Reactions: Thank You! 1


----------



## Molokai (Apr 21, 2014)

You got talent, keep up the good work. Awesome !

Reactions: Thank You! 1


----------



## manbuckwal (Apr 21, 2014)

Jaw dropping with all that carving !! Perfect amount of flame contrast going on in the main vessel too ! Awesome piece of artwork !!!

Reactions: Thank You! 1


----------



## NYWoodturner (Apr 21, 2014)

I'm in awe of your creativity. Utterly stunning and more importantly original. You have to have clear mind to be that creative. (Having a clear mind in itself says volumes) That creativity paired with those skills makes masterpieces. Well done Sir!

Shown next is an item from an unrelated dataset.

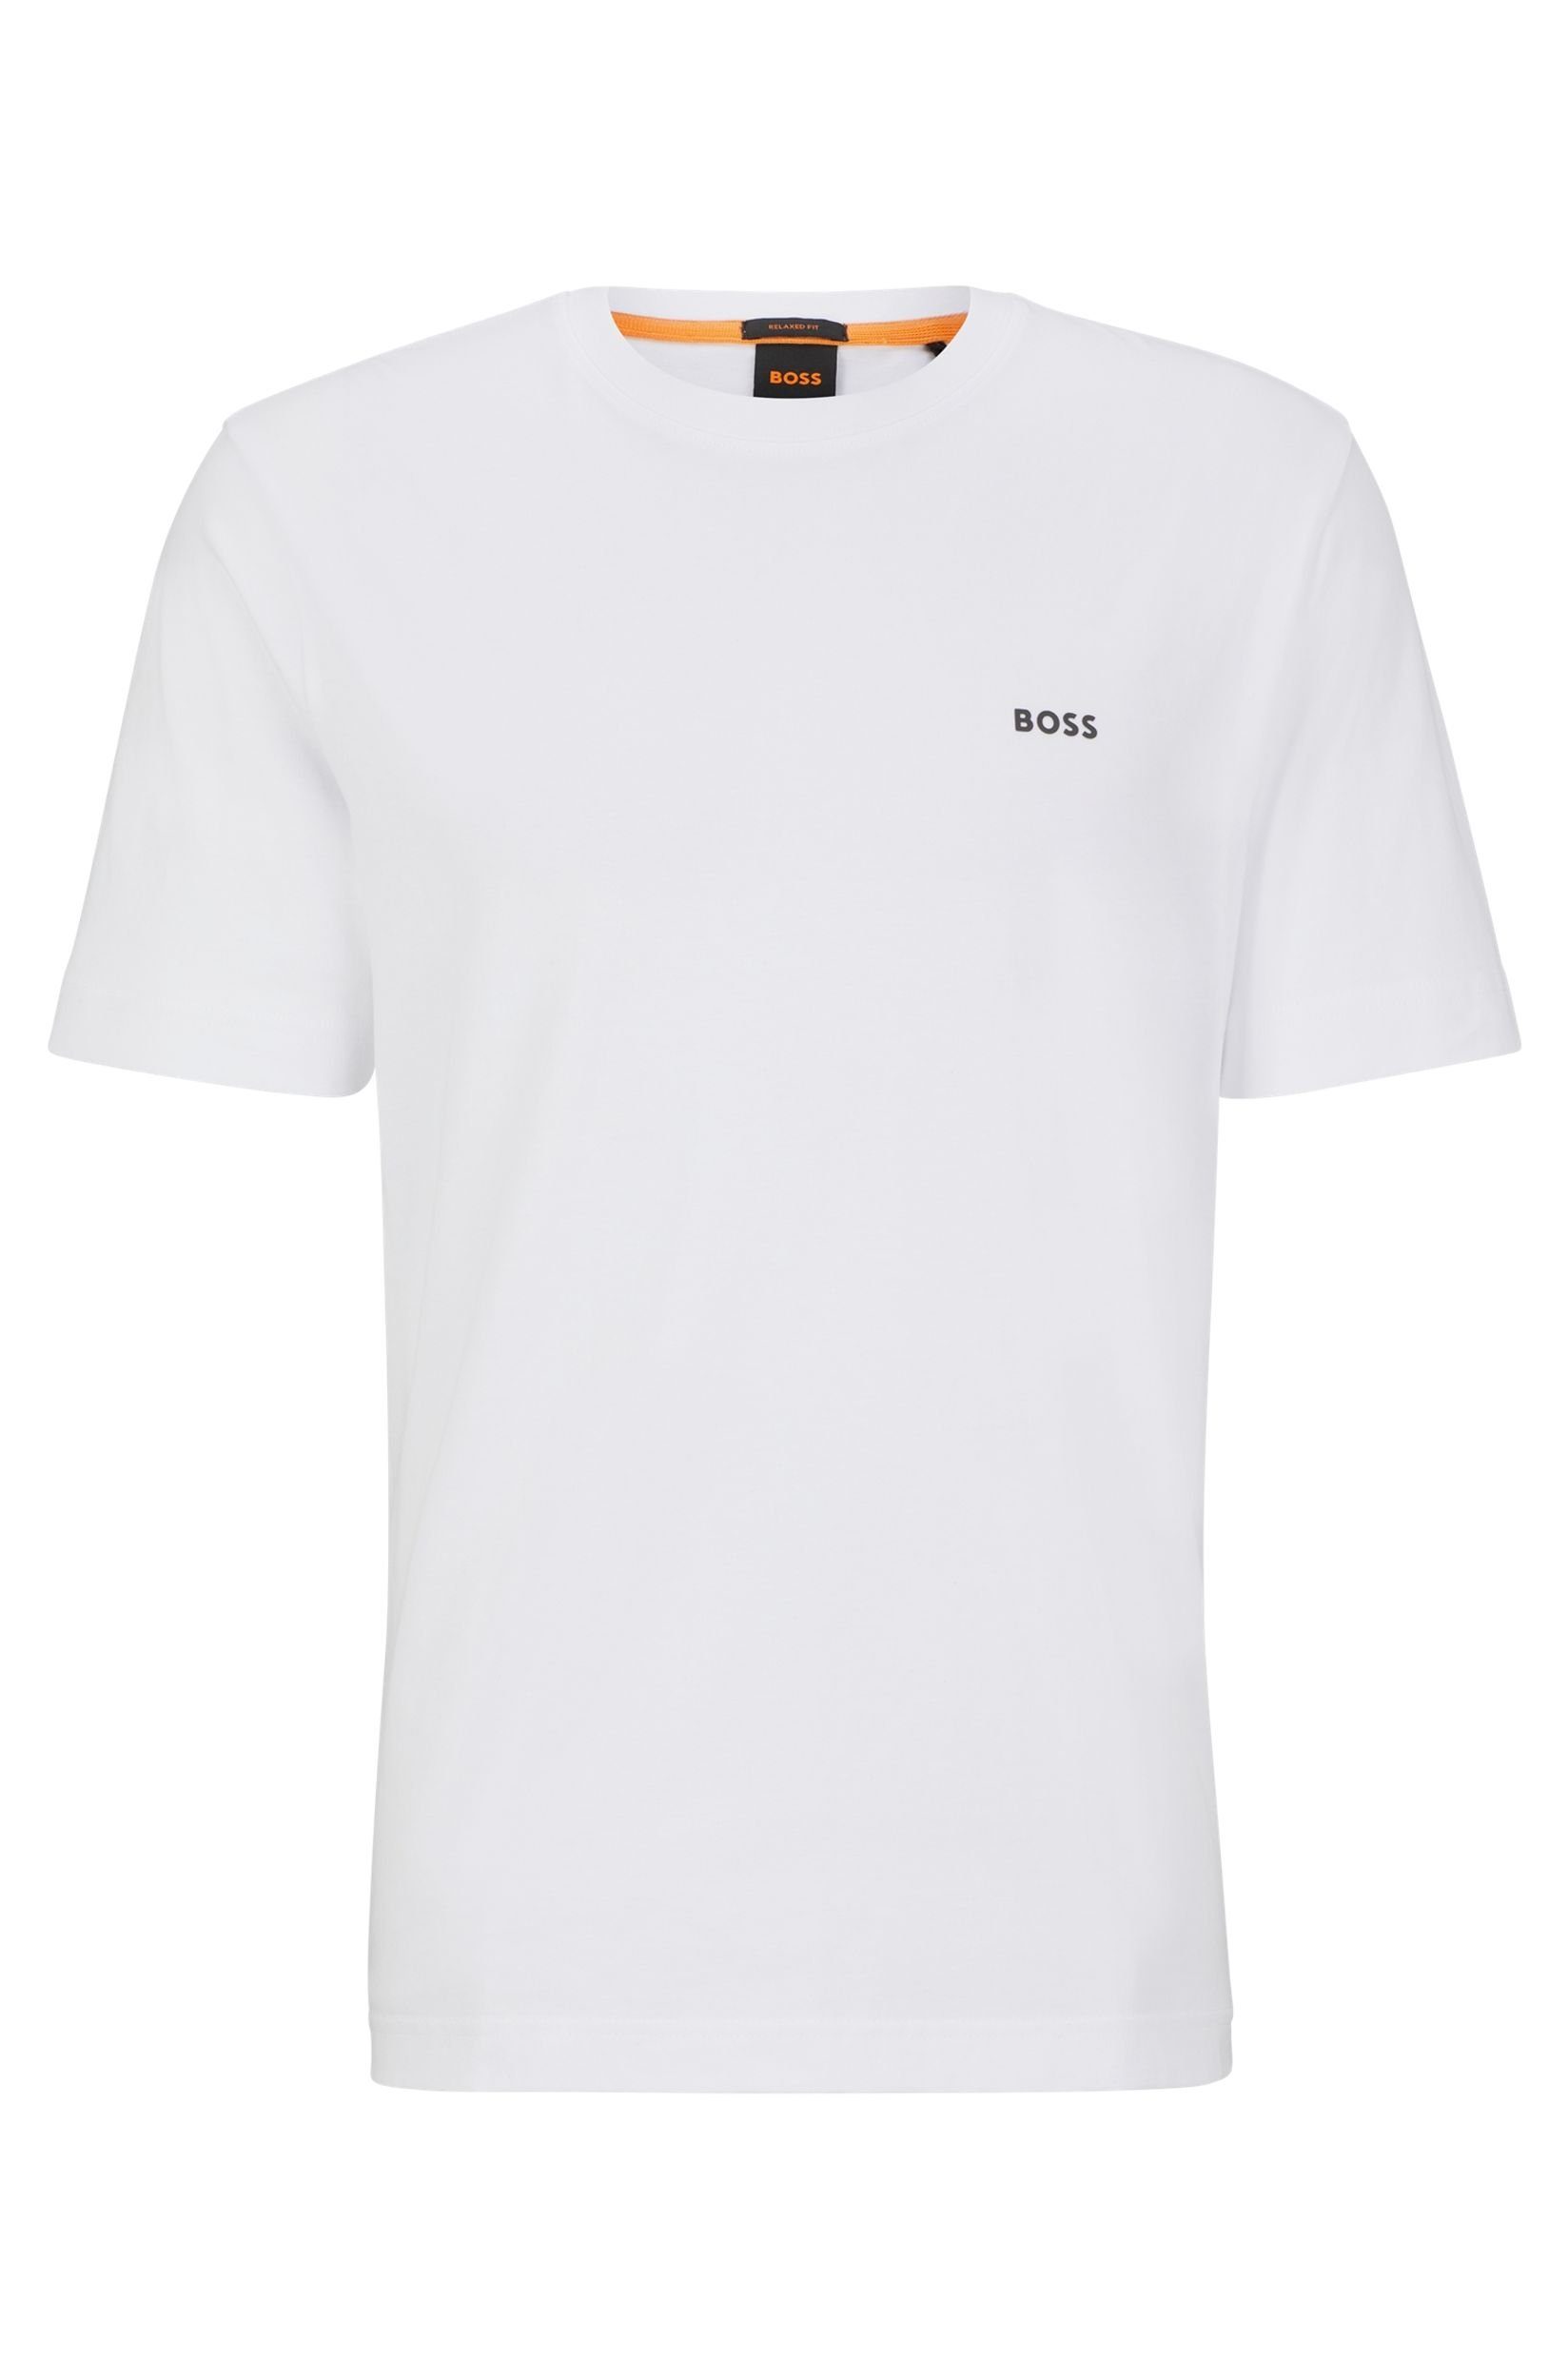 T-Shirt ORANGE Boss BOSS "TeeBossRacing" Orange white T-Shirt

Reactions: Thank You! 1 | Agree 2


----------



## Terry Summerville (Apr 22, 2014)

That is a really stunning thingy to look at! Definitely a work of art! I especially like the way you carved the lid to make it "hug" the vessel. Awesome craftsmanship!!


----------



## barry richardson (Apr 22, 2014)

Thank you one and all for the kind words of encouragement! Scott, not sure about the clear mind thing, maybe a sick mind

Reactions: Funny 1


----------



## RayBell (Apr 22, 2014)

Stunning, you have turned that piece of wood into a beautiful object.

Reactions: Thank You! 1


----------



## DKMD (Apr 22, 2014)

That's cool, Barry! I haver seen anyone do a carved collar like that, but it's a great look!

Reactions: Thank You! 1


----------



## robert flynt (Apr 22, 2014)

My Lord Barry, that is museum quality work!!!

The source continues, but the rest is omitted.